At family gatherings, some truths are best left unspoken. If the family happens to be the EU, then common sense would dictate that nobody should utter a word, since no matter what you say, you risk bringing the party to an end.

Take, for example, the EU’s big reunion now convening in Brussels. The dream of Chancellor Angela Merkel was to bring a glorious and triumphant end to Germany’s turn at the rotating European presidency. While this is the aim of every holder of the presidency, her strategy was imbued with blitzkrieg logic: She wanted to insinuate almost all the provisions of the proposed — and rejected — EU constitution into a simple treaty revision, some boring bureaucratic thing that people wouldn’t get so worked up about. With luck, it could be rushed through without a lot of annoying interference from those who would have to live under its provisions, and pay heavily for the privilege. The paperwork was described this way by William Rees-Mogg in the Times:

[It’s] a new draft treaty of amendment that will contain most of the legal substance of the constitutional treaty, with some cosmetic changes to make it mor acceptable…The German proposals are expected to include a longer-term presidency for the EU Council, a foreign minister, new voting weights, more majority voting including justice and home affairs, and the reintroduction of the charter of fundamental rights. 

The net effect is to reduce national sovereignty without consulting national opinion. That’s German efficiency for you. Eursoc has some salient details.

But then the Poles showed up.

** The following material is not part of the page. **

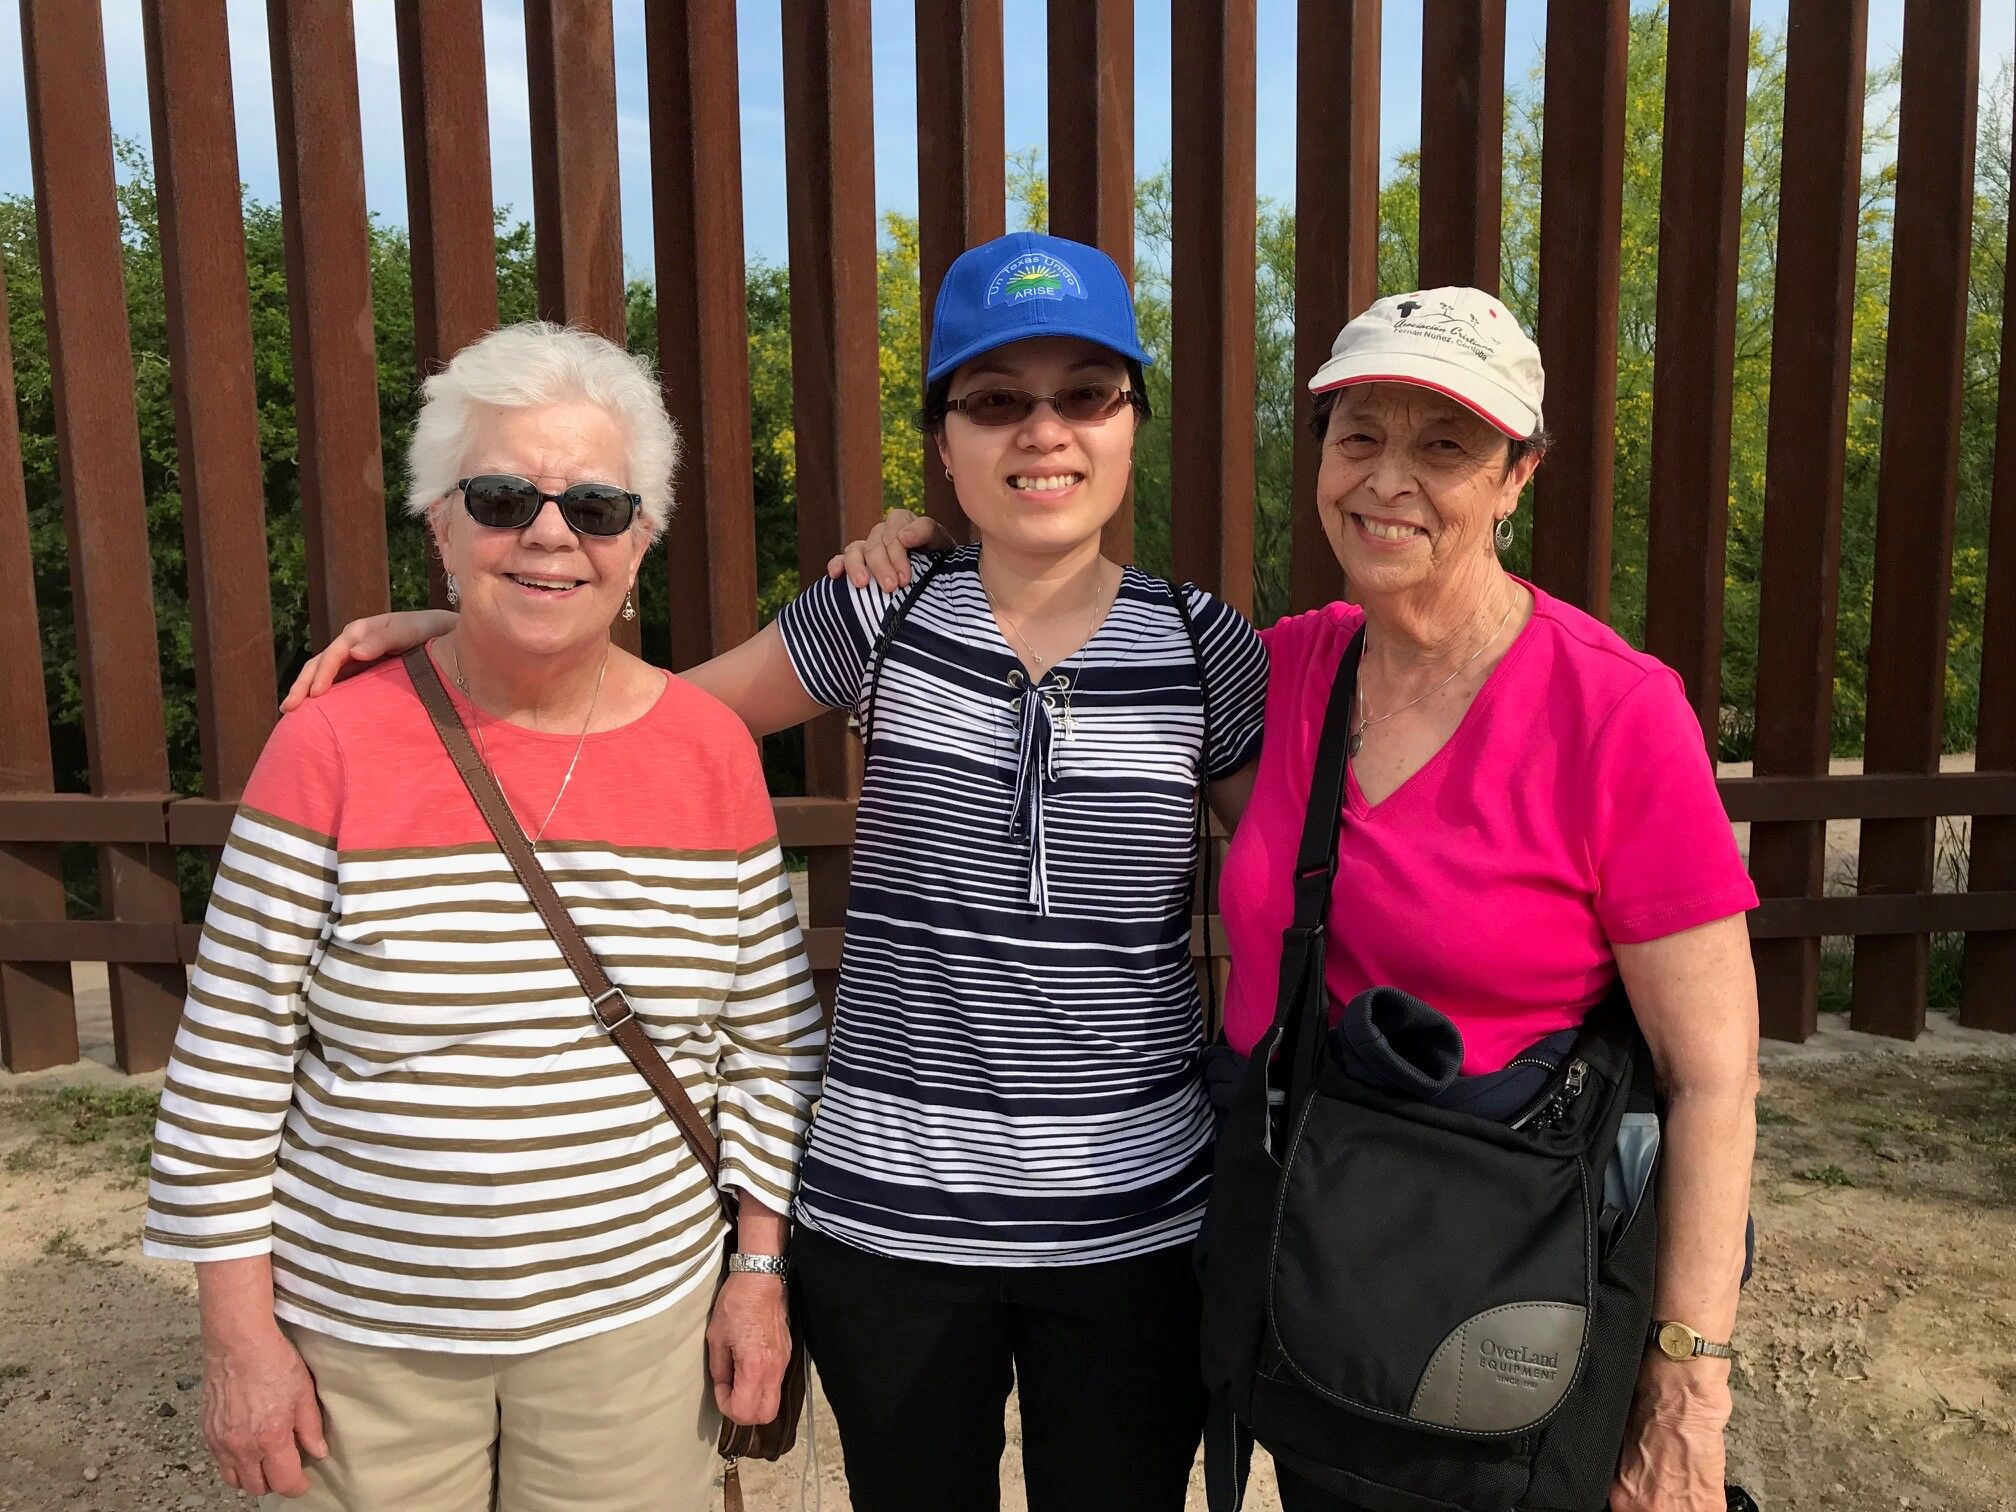 Sisters Joanne Whitaker, Phuong Dong and Marilyn Morgan stand by the border fence in Hidalgo, Texas.

With Silvio Berlusconi sidelined by the capriciousness of Italian voters, it has fallen to the land of superfluous consonants to be the EU’s sentry on the naked-emperor front. The Polish prime minister pointed out that the “new voting weights” part — a German-inspired system that would define a “majority” as 55 percent of EU members and 65 percent of its population — would come at Poland’s expense. Germany would benefit most, and the Franco-German bloc would improve its position against the newer states from Eastern Europe.  Just saying that much was rude enough. But, as the Daily Telegraph delicately reports, the Poles then went ballistically honest:

Jaroslaw Kaczynski, the Polish prime minister, complained that Poland would have a far bigger population on which to base its EU voting power if it had not been for…the war…”We are only demanding that we get back what was taken from us,” he told Polish national radio. “If Poland had not had to live through the years of 1939-45, Poland would be today looking at the demographics of a country of 66 million.”

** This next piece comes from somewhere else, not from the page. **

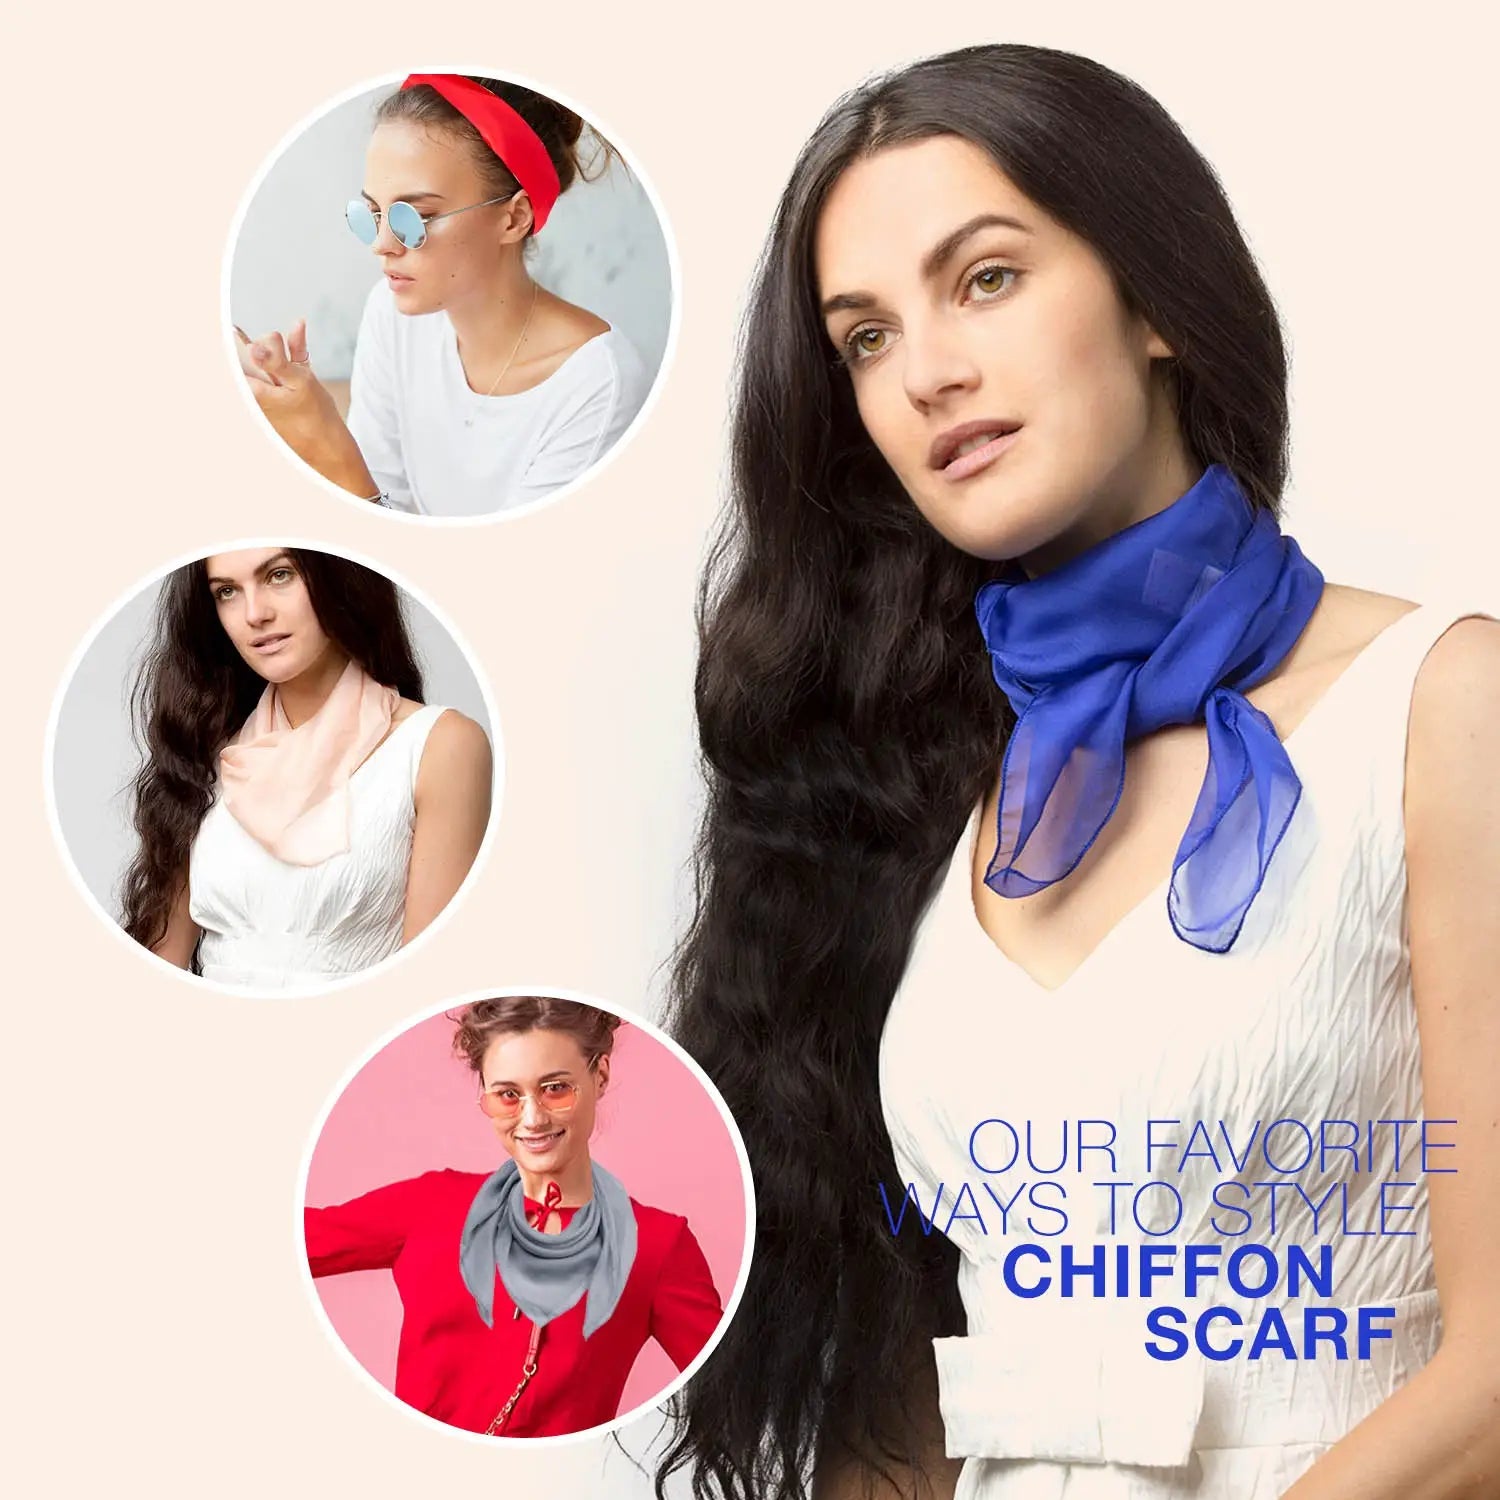 Woman wearing blue chiffon square scarf and red headband - Lightweight neck scarves for women.

 Now you can bring up a lot of topics in the polite society that governs the EU: Allegations of American torture and clandestine kidnappings, for example, are frequent subjects for lunchtime happy-chat in Brussels. But it really isn’t done, you know, to bring up the past — especially the World War II part, owing to the awkwardness of it all. Reminding people that there are a lot fewer Poles than Germans because the Germans killed millions and millions of Poles flies in the face of the grand European tradition of forgetting the past in order to avoid having to learn from it. As the Telegraph’s man, George Jones, observes, “European leaders have traditionally adopted a ‘don’t mention the war’ approach and pointedly sought not to single out Germany for blame for the death and destruction wreaked on the continent.” Much better to let Germany profit from all that death and destruction and, as they say, just move on.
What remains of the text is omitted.